Descendieron entre los árboles hasta el borde de la carretera. Robert Jordan iba detrás de María. No podía ir a su lado por los árboles. Acarició su caballo con las piernas y lo mantuvo bien sujeto, mientras descendían rápidamente, deslizándose entre los pinos, guiando al animal con los muslos, como lo hubiera hecho con las espuelas de haberse encontrado en terreno llano.
- Oye, tú -exclamó, dirigiéndose a María-. Ponte en segundo lugar cuando atravesemos la carretera. Pasar el primero no es tan malo como parece. Pero el segundo es mejor. Los que corren más peligro son los que van después.
- Pero tú…
- Yo pasaré muy aprisa. No hay problema. Lo más peligroso es pasar en fila.
Veía la redonda y peluda cabeza de Pablo hundida entre los hombros mientras cabalgaba con el fusil automático cruzado a la espalda. Miró a Pilar, que iba con la cabeza descubierta, amplios los hombros, más altas las rodillas que los muslos, con los talones hundidos en los bultos que llevaba. Una vez se volvió a ella a mirarle y movió la cabeza.
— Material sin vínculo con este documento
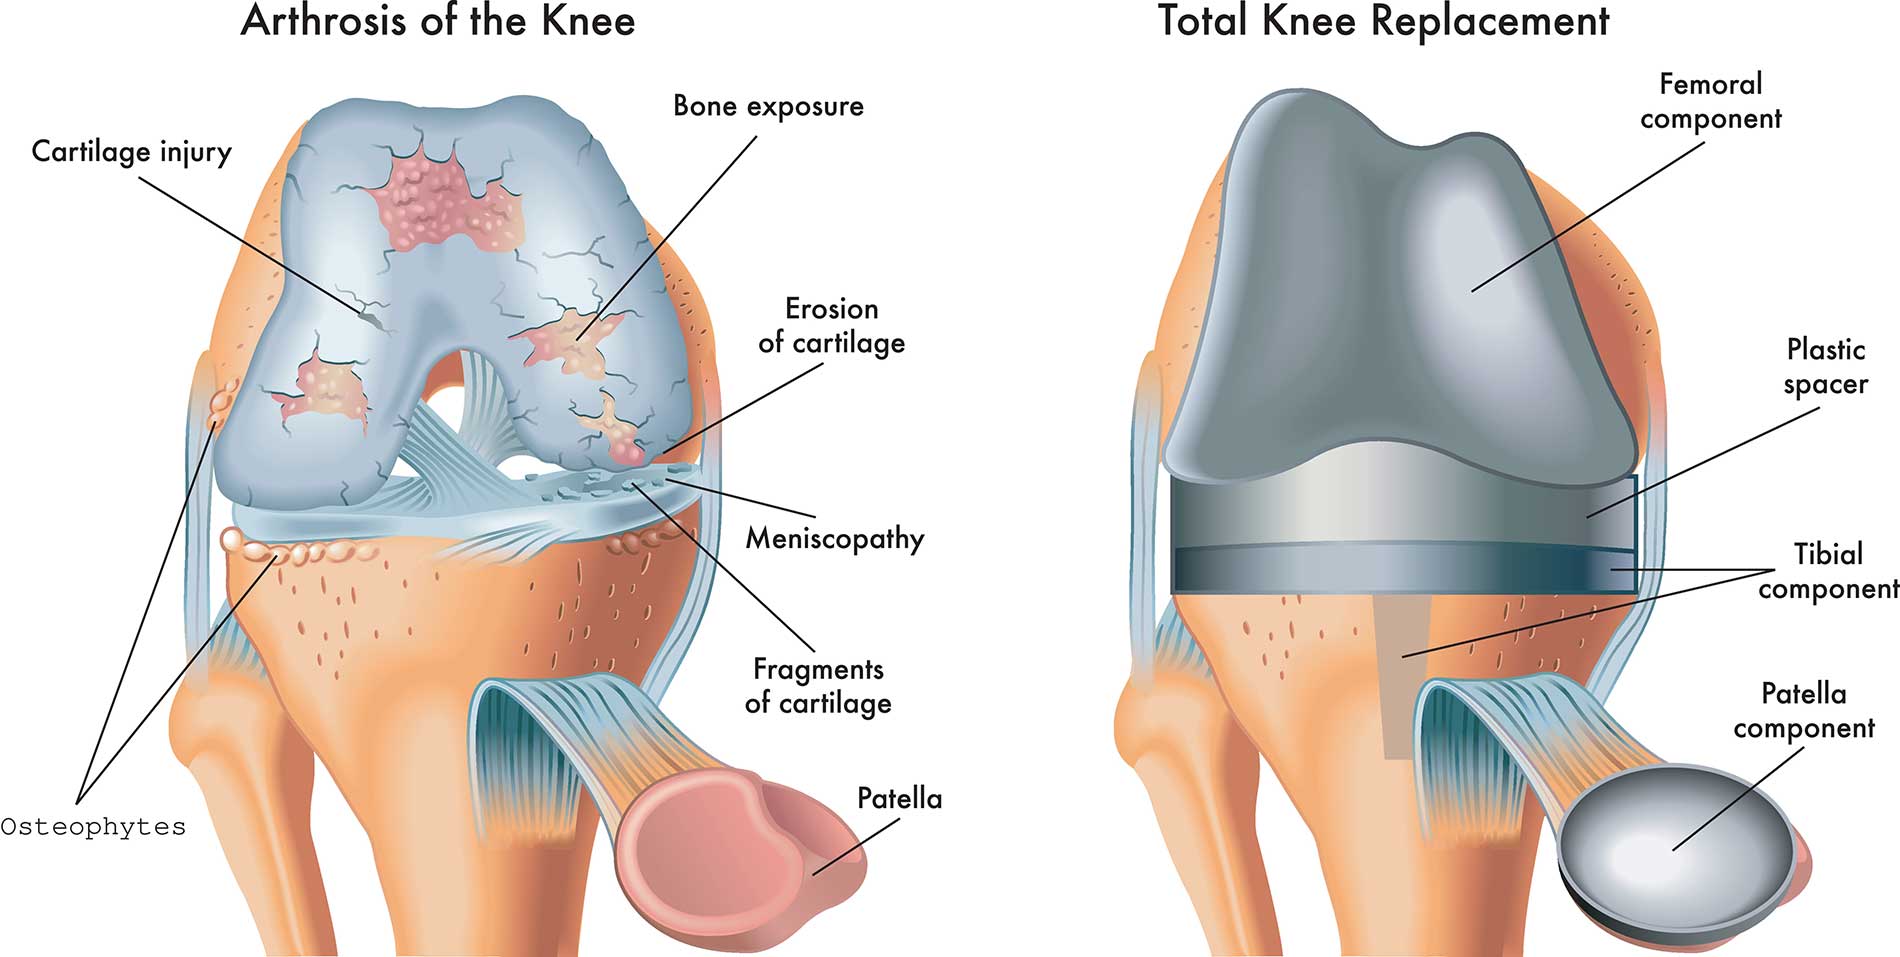 featuredimage-Everything-You-Need-to-Know-About-Knee-Replacement-Surgery

- Adelanta a Pilar antes de atravesar la carretera -dijo Robert Jordan a María. Luego, mirando por entre los árboles, que estaban más separados, vio la superficie oscura y brillante de la carretera por debajo de ellos, y, más allá, la pendiente verde de la montaña. «Estamos justamente por encima de la cuneta -observó-, y un poco más acá del repecho, a partir del cual la carretera desciende hacia el puente en una pendiente larga. Estamos a unos ochocientos metros por encima del puente. Eso no está fuera del alcance de la «Fiat» del tanque, si se han acercado al puente.»
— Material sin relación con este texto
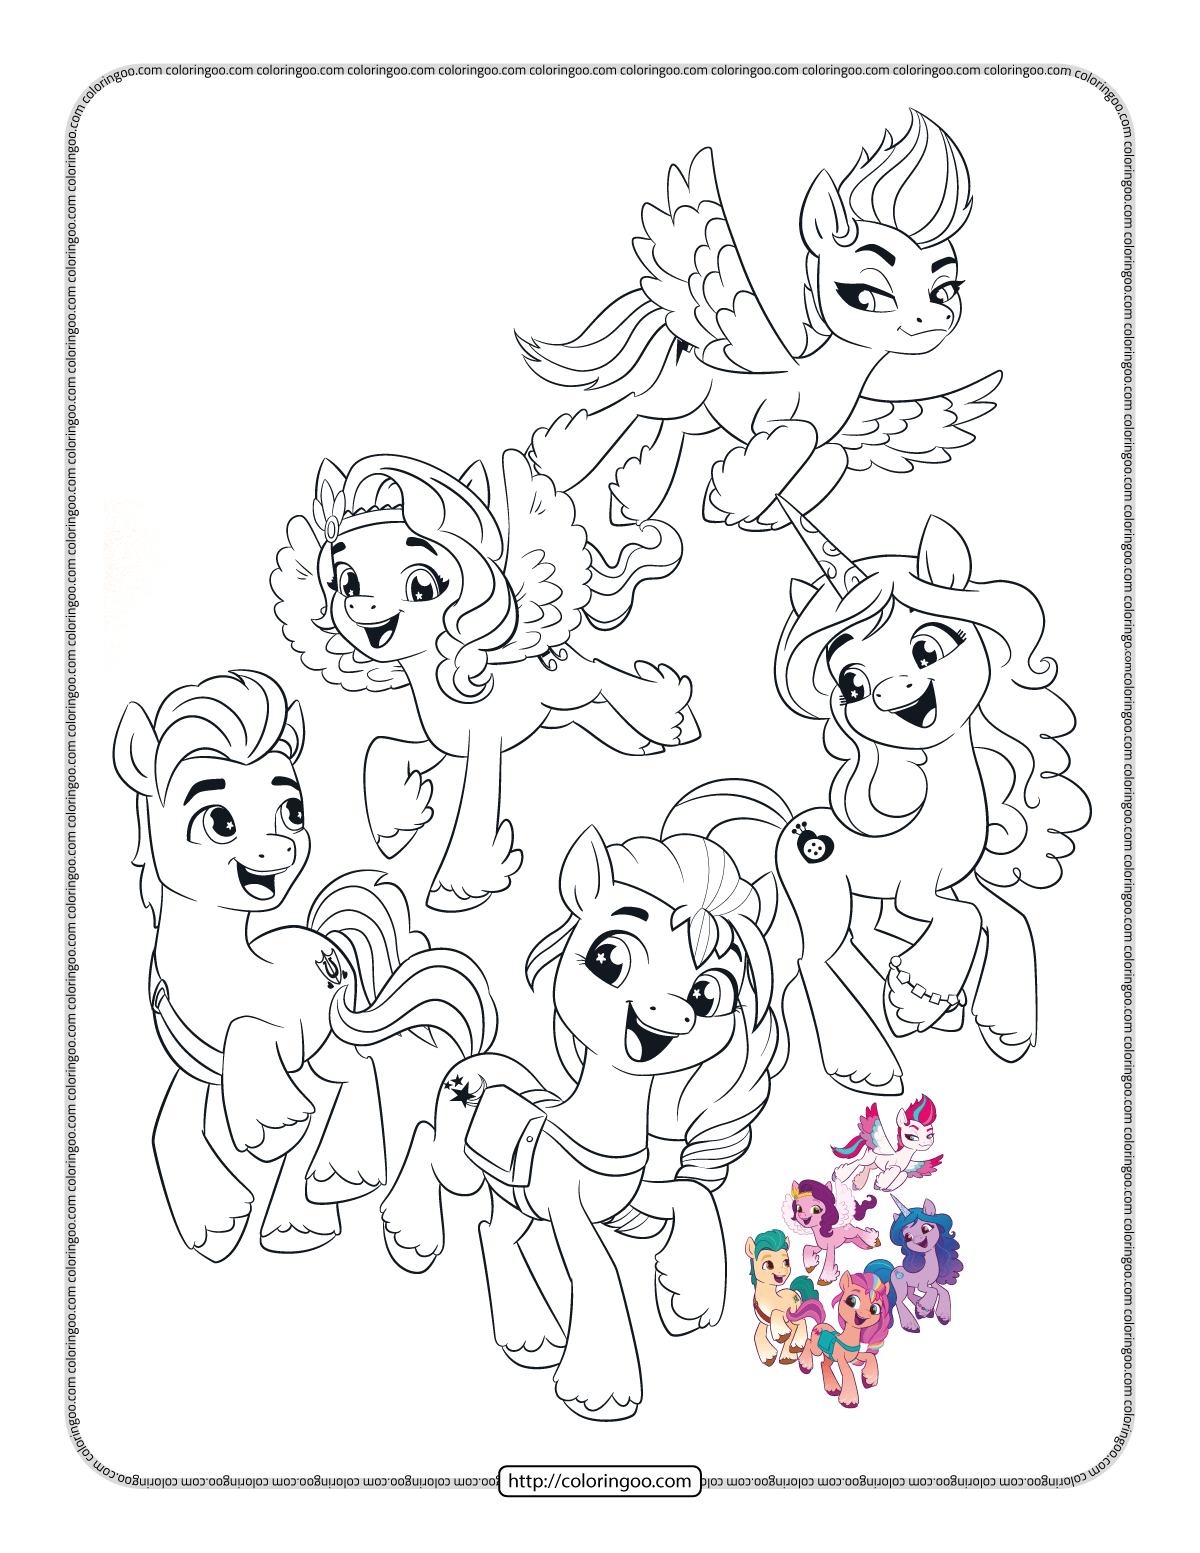 mlp new generation ponies coloring page

- María -dijo-, ponte delante de Pilar antes que lleguemos a la carretera y sube de prisa por esa cuesta.
María volvió la cabeza para mirarle, pero no dijo nada. El le devolvió la mirada para asegurarse de que le había entendido.
- ¿Comprendes? -le preguntó.
Ella hizo un gesto afirmativo.
- Pasa delante -dijo.
- No -respondió ella, volviéndose hacia él y negando con la cabeza-. Me quedaré en el lugar que me corresponde.
Entonces Pablo hundió las espuelas en los ijares del gran bayo y se precipitó cuesta abajo, por la pendiente cubierta de hojas de pino, atravesando la carretera entre un martillar y relucir de cascos. Los otros le siguieron y Robert Jordan los vio atravesar la carretera y subir la cuesta cubierta de hierba y oyó la ametralladora que tableteaba desde el puente. Luego oyó un ruido que se asemejaba a un silbido -¡psiii crac bum!- seguido de un golpe sordo y una explosión, y vio levantarse un surtidor de tierra de la ladera y una nube de humo gris. -¡Psiiii, crac, bum!- Inmediatamente se repitió la escena y una nube de polvo y humo se levantó un poco más arriba, en la ladera.
Delante de él se paró el gitano al borde de la carretera, al abrigo de los últimos árboles. Miró la cuesta y luego se volvió hacia Robert Jordan.